If we looked at the computer systems and how they try to provide security, I think we could categorize those attempts into three broad categories:
1) Security by Correctness
2) Security by Isolation
3) Security by Obscurity
Let's discuss those categories in more detail below.
Security by Correctness
The assumption here is obvious: if we can produce software that doesn't have bugs (nor any maliciously behaving code), then we don't have security problems at all. The only problem is that we don't have any tools to make sure that a given code is correct (in terms of implementation, design and ethical behavior). But if we look at various efforts in computer science, we will notice a lot of effort has been made to achieve Security by Correctness: "safe" languages, code verifiers (although not sound ones, just heuristic based), developer's education, manual code audit, etc. Microsoft's famed Secure Development Life-cycle is all about Security by Correctness. The only problem is: all those approaches sometimes work and sometimes do not, sometimes they miss some bug and also there are problems that I simple don't believe can be addresses by automatic code verifiers or even safe languages, like e.g. logic/design bugs or deciding on wheatear a given code behaves maliciously or not (after all this is an ethical problem in many cases, not a computer science problem).
To sum it: I think that in some more or less distant future (some people think abuout a timeframe of 50 years or so), we would get rid of all the implementation bugs, thanks to safe languages and/or sound code verifiers. But I don't believe we could assure correctness of software on any higher level of abstraction then implementation level.
Security by Isolation
Because of the problems with effectively implementing Security by Correctness approach, people, from the very beginning, has also taken another approach, which is based on isolation. The idea is to split a computer system into smaller pieces and make sure that each piece is separated from the other ones, so that if it gets compromised/malfunctions, then it cannot affect the other entities in the system. Early UNIX's user accounts and separate process address spaces, things that are now present in every modern OS, are examples of Security by Isolation.
Simple as it sound, in practice the isolation approach turned out to be very tricky to implement.
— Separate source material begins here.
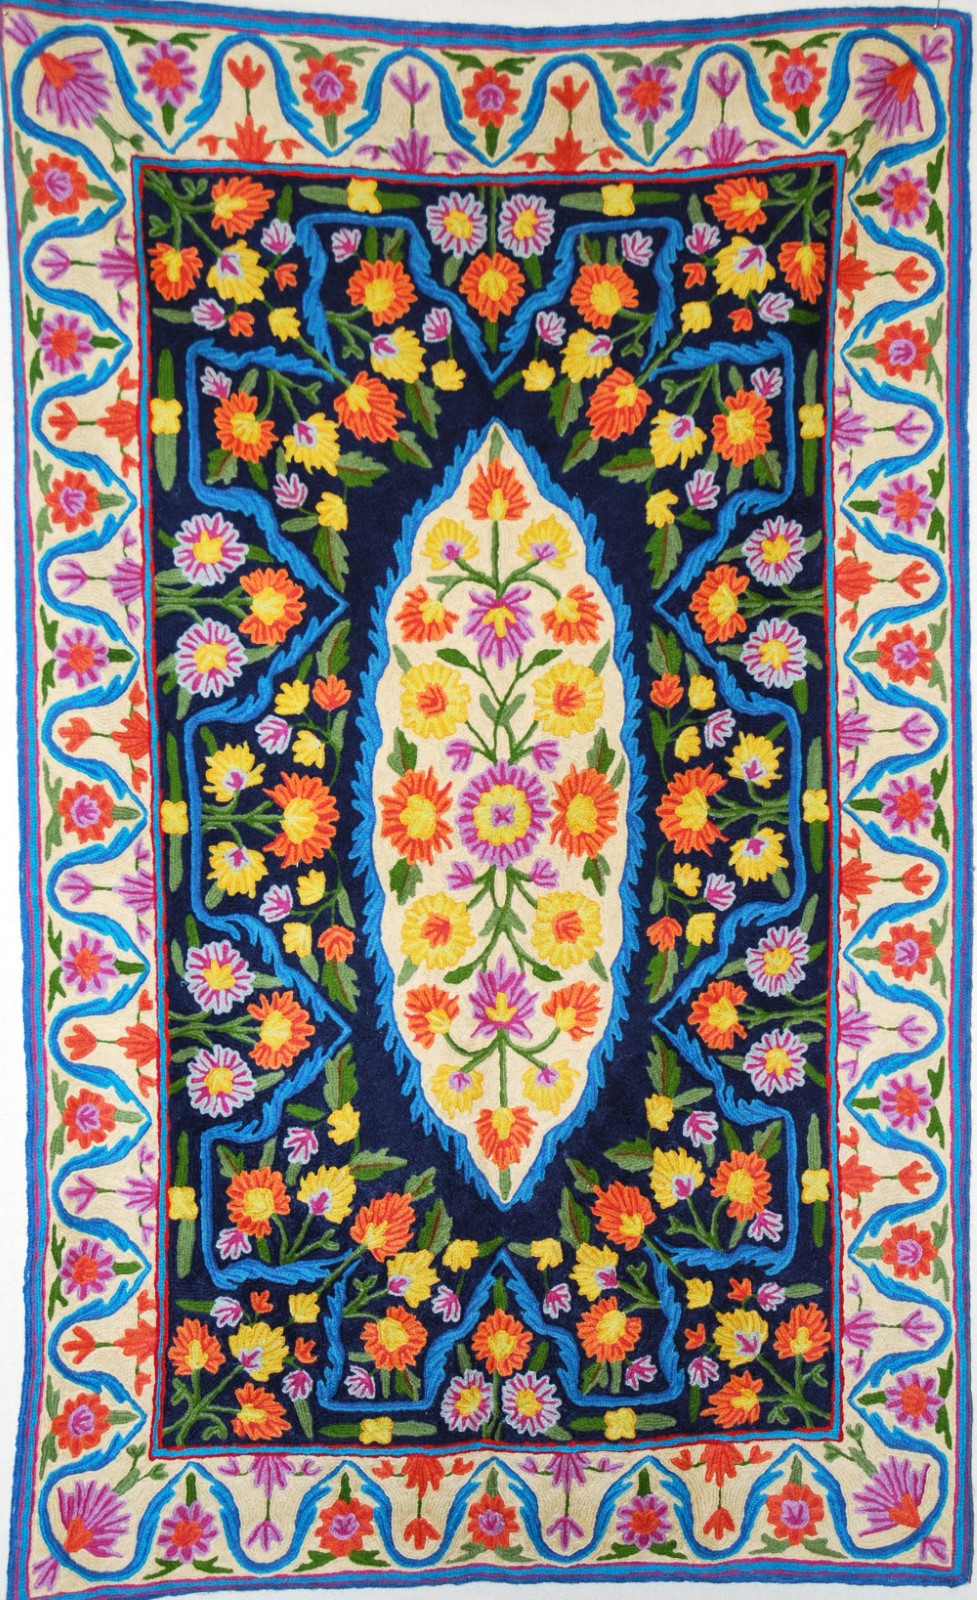 Handmade Tapestry Woolen Area Rug, Multicolor Embroidery 3x5 feet #CWR15133

One problem is how to partition the system into meaningful pieces and how to set permissions for each piece. The other problem is implementation - e.g. if we take a contemporary consumer OS, like Vista, Linux or Mac OSX, all of them have monolithic kernels, meaning that a simple bug in any of the kernel components (think: hundreds of 3rd party drivers running there), allows to bypass of the isolation mechanisms provided by the kernel to the rest of the system (process separation, ACLs, etc).
Obviously the problem is because the kernels are monolithic. Why not implement Security by Isolation on a kernel level then? Well, I would personally love that approach, but the industry simply took another course and decided that monolithic kernels are better then micro-kernels, because it's easier to write the code for them and (arguably) they offer better performance.
Many believe, including myself, that this landscape can be changed by the virtualization technology. Thin bare-metal hypervisor, like e.g. Xen, can act like a micro kernel and enforce isolation between other components in the system - e.g. we can move drivers into a separate domain and isolate them from the rest of the system. But again there are challenges here on both the design- as well as the implementation-level. For example, we should not put all the drivers into the same domain, as this would provide little improvement in security. Also, how to make sure that the hypervisor itself is not buggy?
Security by Obscurity (or Security by Randomization)
Finally we have the Security by Obscurity approach that is based on the assumption that we cannot get rid of all the bugs (like in Security by Isolation approach), but at least we can make exploitation of those bugs very hard. So, it's all about making our system unfriendly to the attacker.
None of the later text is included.